* **Problem to work on**
From the first line of the data below through the line holding "Schumacher - Fireblade", write out each line exactly as it stands.

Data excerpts
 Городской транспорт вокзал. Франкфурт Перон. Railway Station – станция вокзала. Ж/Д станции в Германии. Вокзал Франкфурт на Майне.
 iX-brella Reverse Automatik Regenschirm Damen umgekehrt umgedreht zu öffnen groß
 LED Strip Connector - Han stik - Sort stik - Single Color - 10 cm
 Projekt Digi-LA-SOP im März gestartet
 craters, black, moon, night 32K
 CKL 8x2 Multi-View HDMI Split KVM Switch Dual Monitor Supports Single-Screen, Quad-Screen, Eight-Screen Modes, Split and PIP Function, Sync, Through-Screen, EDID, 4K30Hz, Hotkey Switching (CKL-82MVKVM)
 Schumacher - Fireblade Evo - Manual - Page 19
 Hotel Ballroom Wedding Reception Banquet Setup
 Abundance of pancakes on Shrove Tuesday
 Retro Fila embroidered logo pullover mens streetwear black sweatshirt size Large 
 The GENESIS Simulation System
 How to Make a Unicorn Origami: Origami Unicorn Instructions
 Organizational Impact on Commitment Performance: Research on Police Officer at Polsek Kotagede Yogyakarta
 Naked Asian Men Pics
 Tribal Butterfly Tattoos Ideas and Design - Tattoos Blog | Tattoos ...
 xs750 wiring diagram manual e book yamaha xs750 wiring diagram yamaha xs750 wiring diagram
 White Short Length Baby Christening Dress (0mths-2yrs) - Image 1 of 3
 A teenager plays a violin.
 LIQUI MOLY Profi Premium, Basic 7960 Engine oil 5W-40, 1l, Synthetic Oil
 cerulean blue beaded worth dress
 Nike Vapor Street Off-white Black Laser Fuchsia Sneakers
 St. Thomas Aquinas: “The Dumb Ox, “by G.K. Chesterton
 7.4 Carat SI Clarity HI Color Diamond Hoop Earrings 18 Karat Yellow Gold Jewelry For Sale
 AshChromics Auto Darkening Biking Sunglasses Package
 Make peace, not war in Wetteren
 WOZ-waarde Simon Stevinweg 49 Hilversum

* **Finished exercise**
 Городской транспорт вокзал. Франкфурт Перон. Railway Station – станция вокзала. Ж/Д станции в Германии. Вокзал Франкфурт на Майне.
 iX-brella Reverse Automatik Regenschirm Damen umgekehrt umgedreht zu öffnen groß
 LED Strip Connector - Han stik - Sort stik - Single Color - 10 cm
 Projekt Digi-LA-SOP im März gestartet
 craters, black, moon, night 32K
 CKL 8x2 Multi-View HDMI Split KVM Switch Dual Monitor Supports Single-Screen, Quad-Screen, Eight-Screen Modes, Split and PIP Function, Sync, Through-Screen, EDID, 4K30Hz, Hotkey Switching (CKL-82MVKVM)
 Schumacher - Fireblade Evo - Manual - Page 19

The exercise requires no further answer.